Ask HN: Suggest Some Websites Related to Internet Privacy and Net Neutrality - palakz
Looking for some good blogs and website to follow to keep myself updated with recent news in internet privacy and internet freedom.
======
gexos
> Looking for some good blogs and website to follow to keep myself updated
> with recent news in internet privacy and internet freedom.

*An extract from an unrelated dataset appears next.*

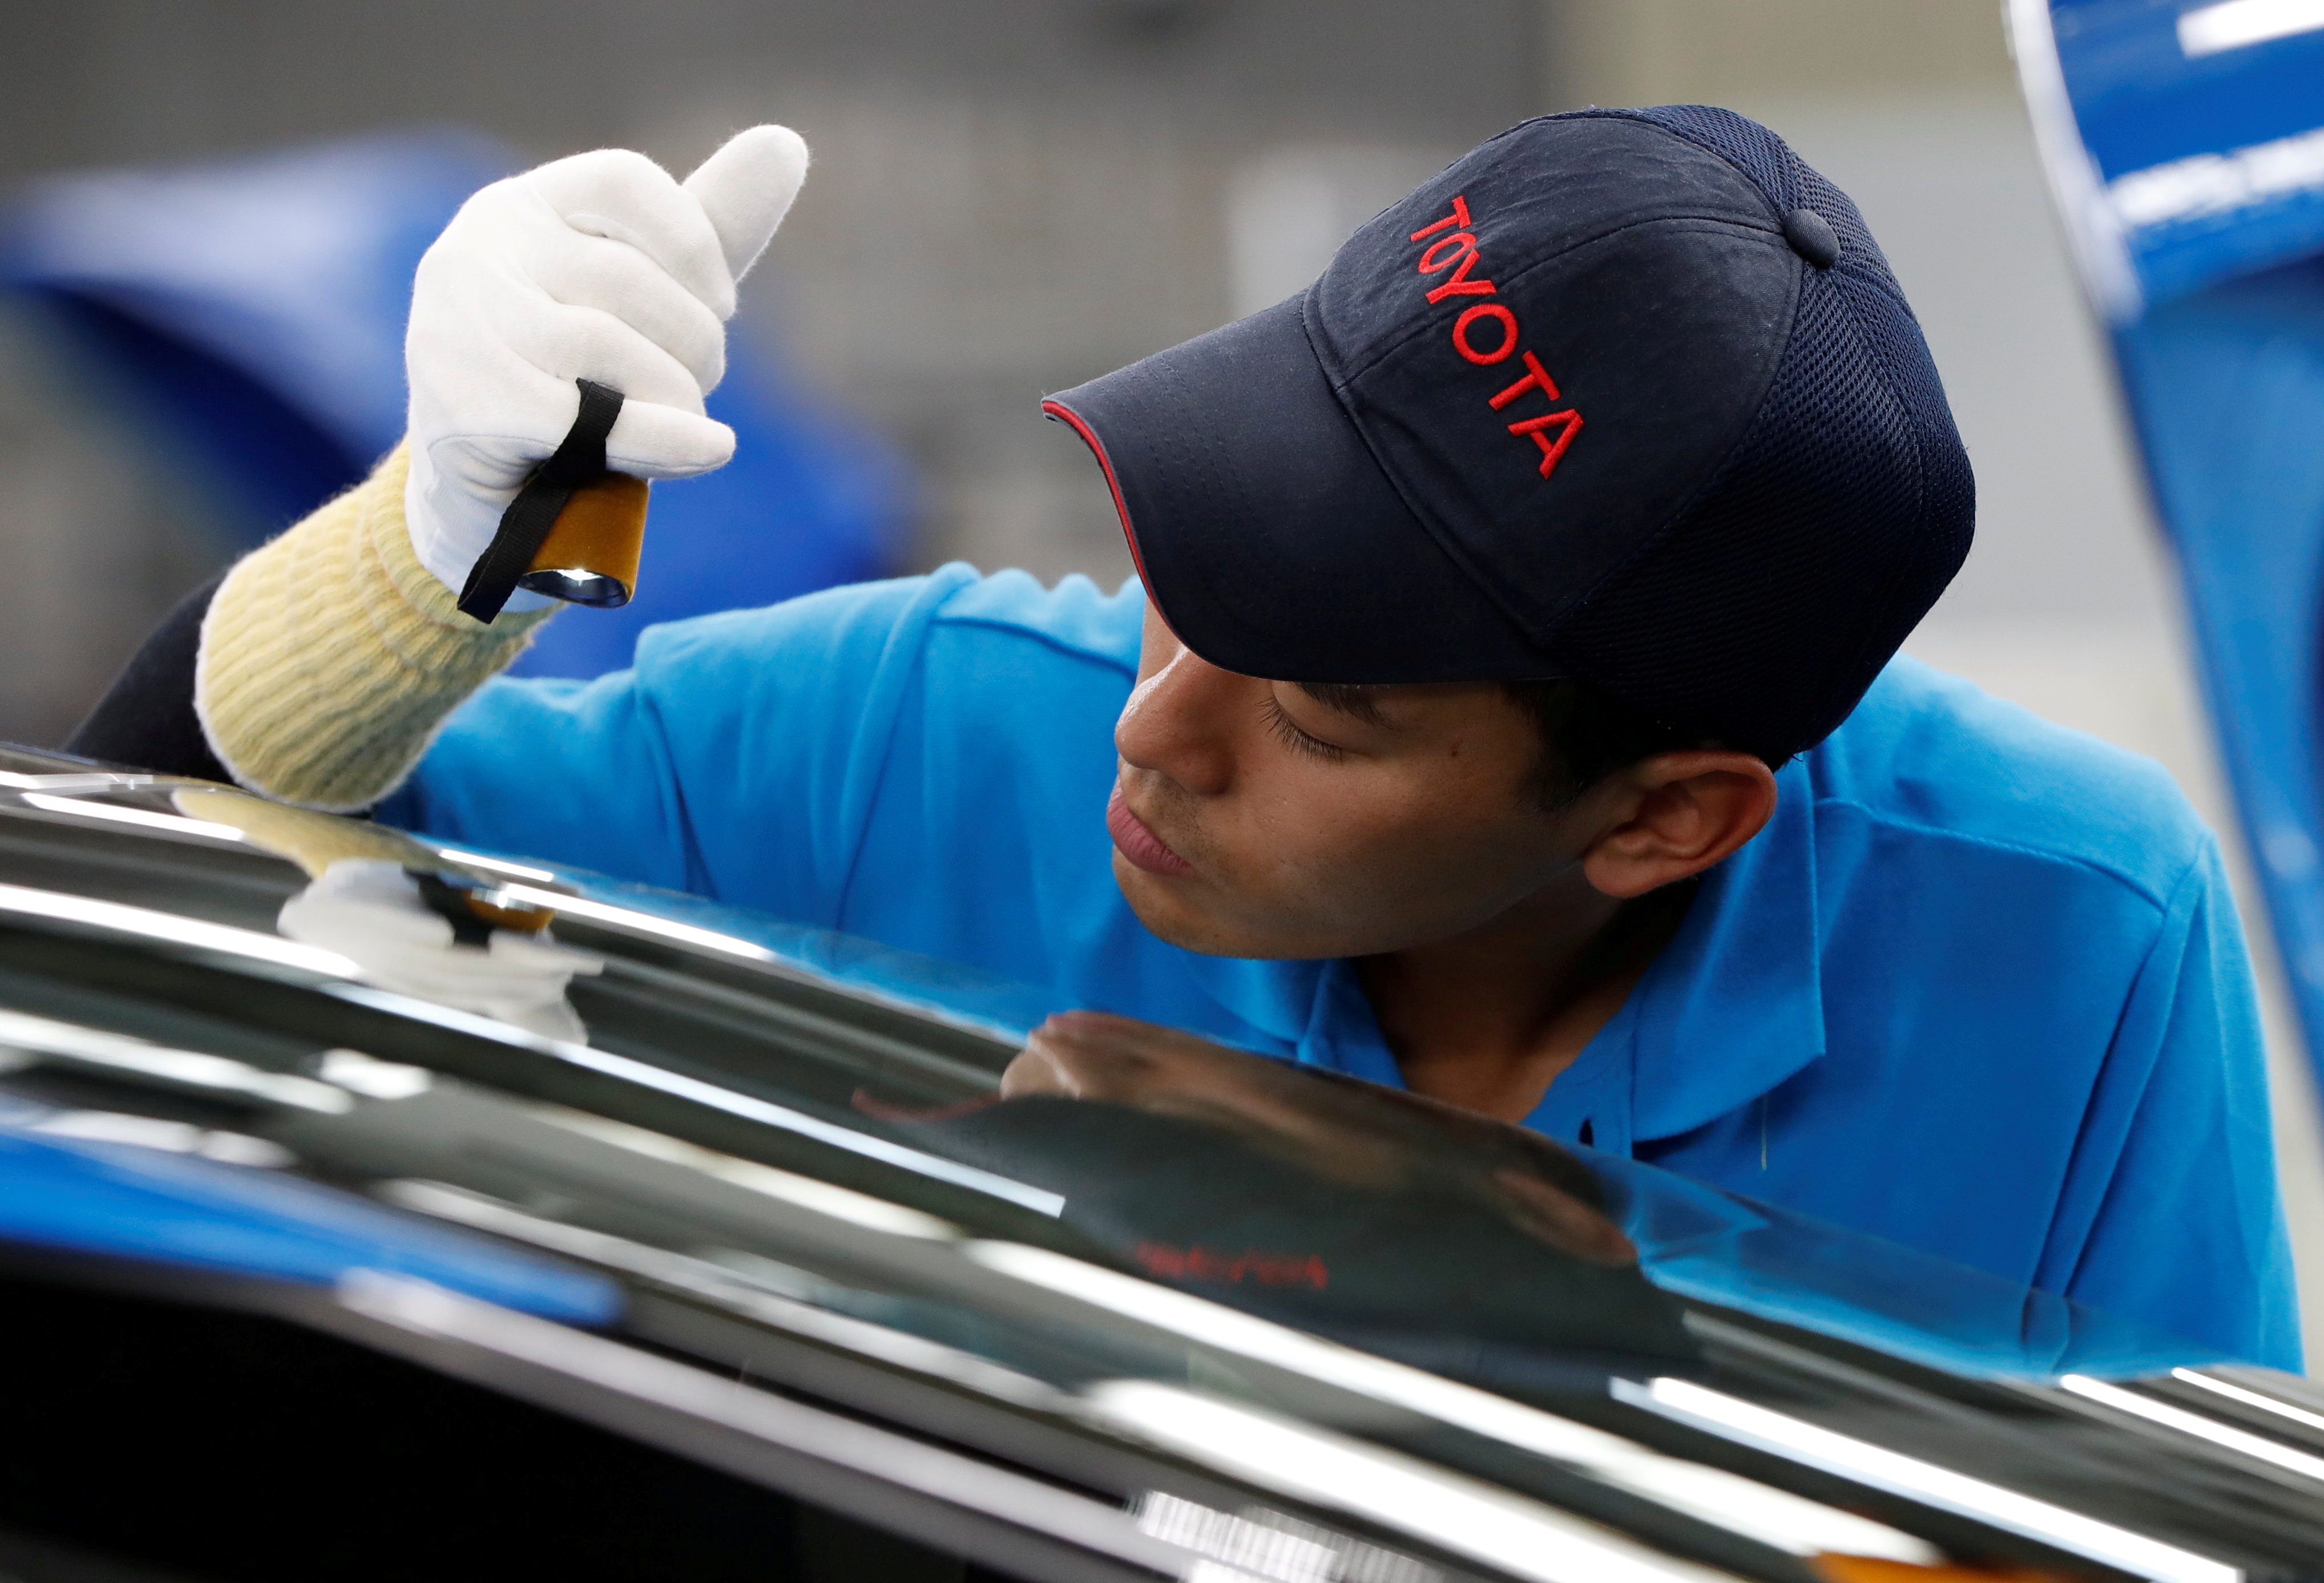 An employee of Toyota Motor Corp. works on the assembly line of Mirai fuel cell vehicle (FCV) at the company's Motomachi plant in Toyota, Aichi prefecture, Japan May 17, 2018. Picture taken May 17, 2018.  REUTERS/Issei Kato

[https://www.privacyrights.org](https://www.privacyrights.org) and
[https://www.epic.org](https://www.epic.org) you'll find many informations in
both sites.

Two blogs I follow are
[https://paulbernal.wordpress.com](https://paulbernal.wordpress.com) and
[http://theprivacyblog.com](http://theprivacyblog.com)

------
maxencecornet
If you can speak/read french,

La quadrature du Net are amazing, it's a non profit fighting for net
neutrality. They're pretty huge and very active

[https://www.laquadrature.net/fr](https://www.laquadrature.net/fr)

EDIT : I actually just discovered that the website is also translated in
english :

[https://www.laquadrature.net/en](https://www.laquadrature.net/en)

------
brudgers
EFF comes to mind: [https://www.eff.org/](https://www.eff.org/)

------
antoineMoPa
RMS's website: [https://stallman.org/](https://stallman.org/)

There are a few links to his articles (Right side of the 3-column thing +
bottom of the 3-column thing).

------
twunde
Techdirt does a good job of covering both along with copyright and similar
issues: [https://www.techdirt.com/](https://www.techdirt.com/)

------
Moftare
[https://www.eff.org](https://www.eff.org)